Chapitre I
 
Épisode 001
 

e duché de Minnetoy-Corbières avait mis bannières en berne. Dans les rues du bourg, on portait noir et on saluait le nez en son mouchoir. Le soleil estival paraissait insolent et noyait le village d’une trop douce lumière.

Le bourg ne cachait pas sa peine et se tournait néanmoins vers le ciel pour adresser prières à Dieu de miséricorde pour qu’il accorde pitié et consolation au malheureux couple ducal. L’héritier, l’enfant que chacun à Minnetoy-Corbières avait couvé de son âme, n’avait point vécu à naissance. Bien sûr, le duc Freuguel Childeric, et plus encore son épouse, Camilla Clotilda, ne jouissaient pas d’une réputation sans tache ; et la douloureuse guerre menée l’automne précédent contre la baronnie du Rang Dévaux était encore en chaque mémoire. Mais il n’était personne à Minnetoy-Corbières qui aurait souhaité qu’un tel dol leur fondît sus.

Certes, Camilla Clotilda n’était point morte en couche. Elle avait survécu à l’enfant et elle était de suffisante jeunesse pour donner jour à d’autres héritiers. Mais, par le bourg, les secrets d’alcôve des suzerains couraient toutes les portes. On ne savait que trop que le gros braillard qui trônait au duché n’était plus bon que pour chasse et bombance, qu’il avait perdu bonne part de ce qui le faisait homme lors de sa dernière campagne. Il était mortecouilles, voilà tout, mortecouilles à jamais.

Les plus vils persifleurs chuchotaient même que sa liqueur de lignage n’avait jamais été que sale piquette impropre à donner à ses vassaux le fils que tous lui réclamaient. Certains ajoutaient même, à l’heure où taverne se prête à la rumeur, que le pauvre nourrisson qui n’avait point même crié sa présence au monde en ce maudit matin de juillet n’aurait été qu’un enfant du péché. On disait de la duchesse qu’elle avait la cuisse légère et l’escapade facile. Et durant sa grossesse, on rivalisait de bons mots quant au supposé géniteur. À qui Camilla Clotilda avait-elle offert croupe et melons ?

Il fallait croire que la rumeur était plus que sottise de comptoir, car le curé Gravenac lui-même, lors de son dernier prêche, avait affirmé que Dieu tout puissant n’avait toléré que chrétien duché soit ainsi souillé par la faute, et qu’il s’était vengé sur un innocent nouveau-né des mœurs peu chrétiennes de ses parents. Mais ceci avait été dit en mots si couverts que seuls quelques fidèles avaient pu comprendre l’allusion, et s’étaient empressés de l’oublier incontinent.

Bâtard ou point, l’héritier mort-né du duché fut porté en terre aux larmes sincères de tout un peuple. Et ce décès excitait un peu plus les convoitises des cousins du duc qui voyaient, en l’absence d’héritier, moyen de mettre main sur un fief prospère.

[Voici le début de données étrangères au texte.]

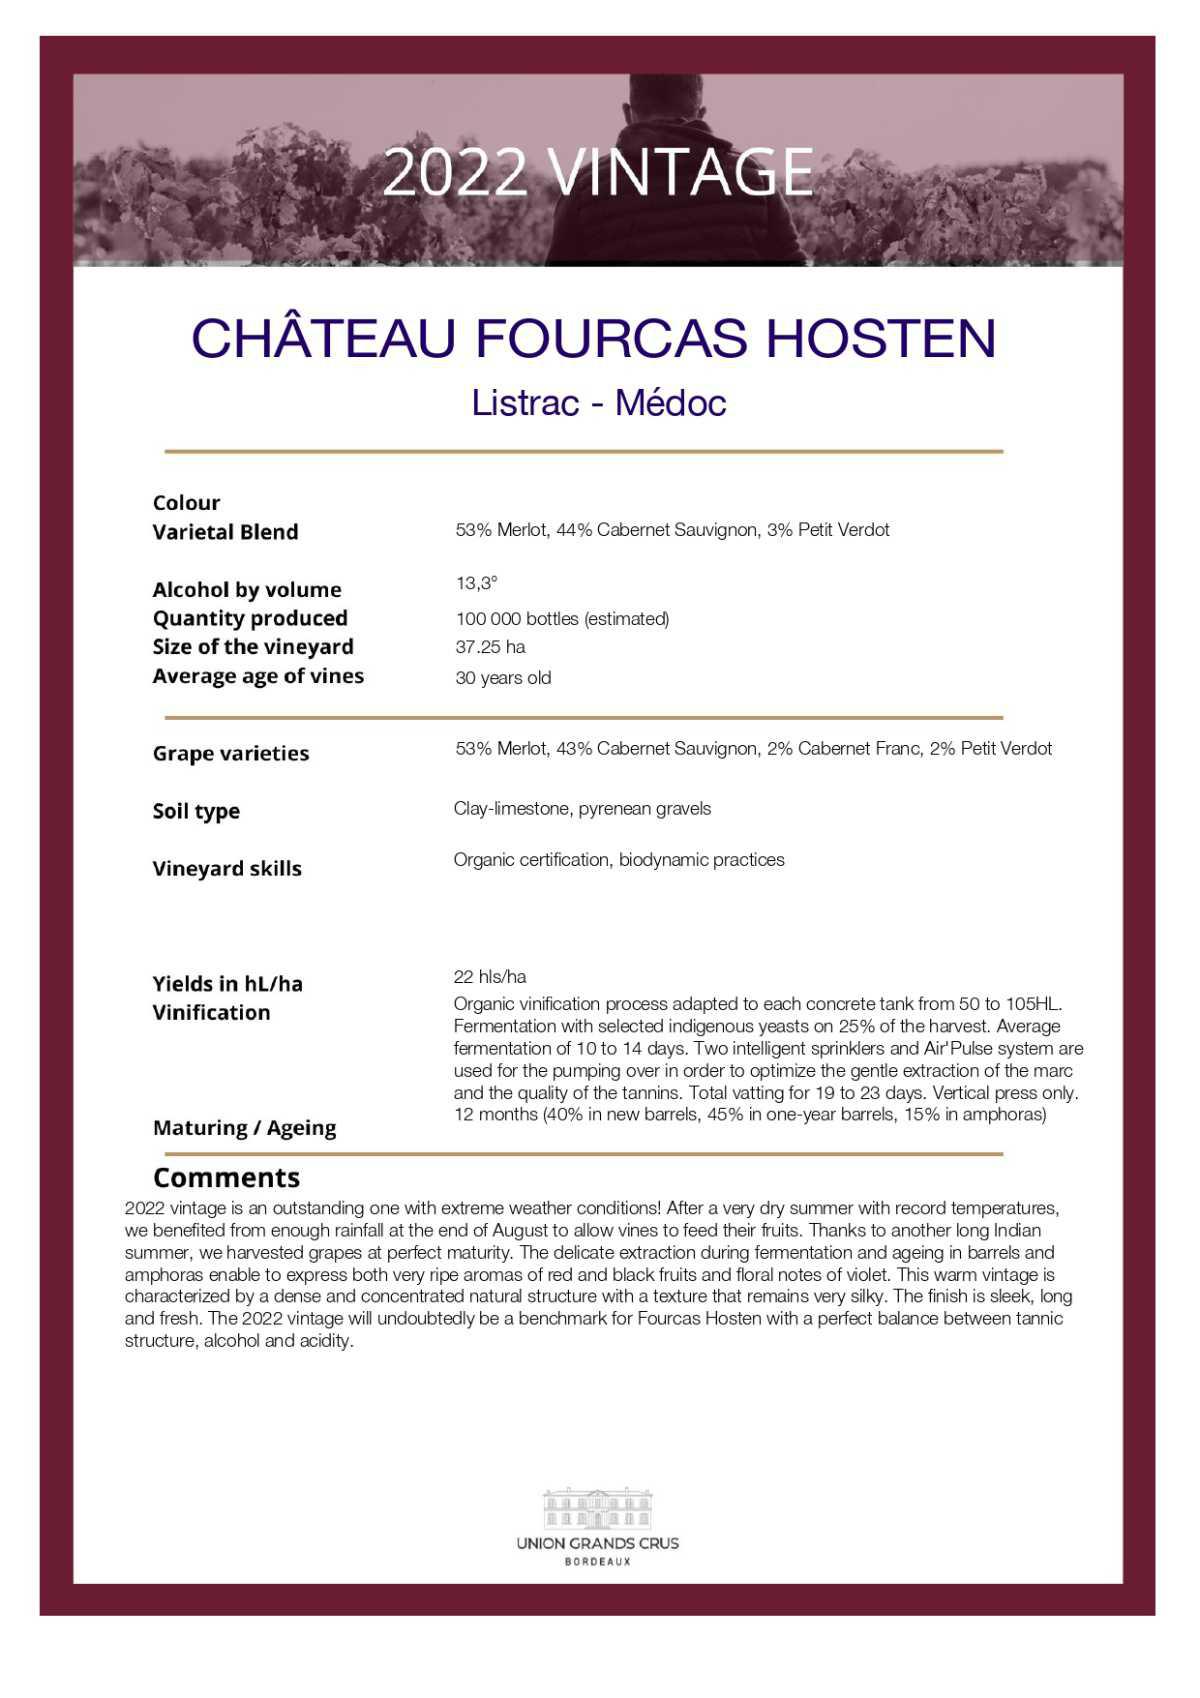  Château Fourcas Hosten

Les gens de Minnetoy-Corbières, malgré tout, aimaient leur suzerain, gueulard, matois, le mufle enduit de saindoux et de vin lourd, les dents tachées, et les idées guère vives, mais à la rude pogne tendue aux plus pauvres et qui pardonnait l’ivresse des uns et la paresse des autres. Les impôts étaient lourds, certes, mais les geôles du château étaient à demi vides, les tortures fort rares, et l’on riait sans peur à la nuit tombée.

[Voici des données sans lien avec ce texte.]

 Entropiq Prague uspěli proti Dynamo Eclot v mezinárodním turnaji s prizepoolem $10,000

Au bourg, chacun se retrouvait pour dire qu’il serait grand malheur que le duché tombât aux mains de ces cousins aux faciès tout d’avidité, qui n’aimaient le pouvoir que pour sa froide violence et qui assistaient à pendaisons en leur domaine un mauvais sourire aux lèvres. Dans les ruelles de Minnetoy-Corbières l’avenir semblait fait de pleurs et d’angoisse.

 
 
Quand le tapir éternue, la fourmi sourit.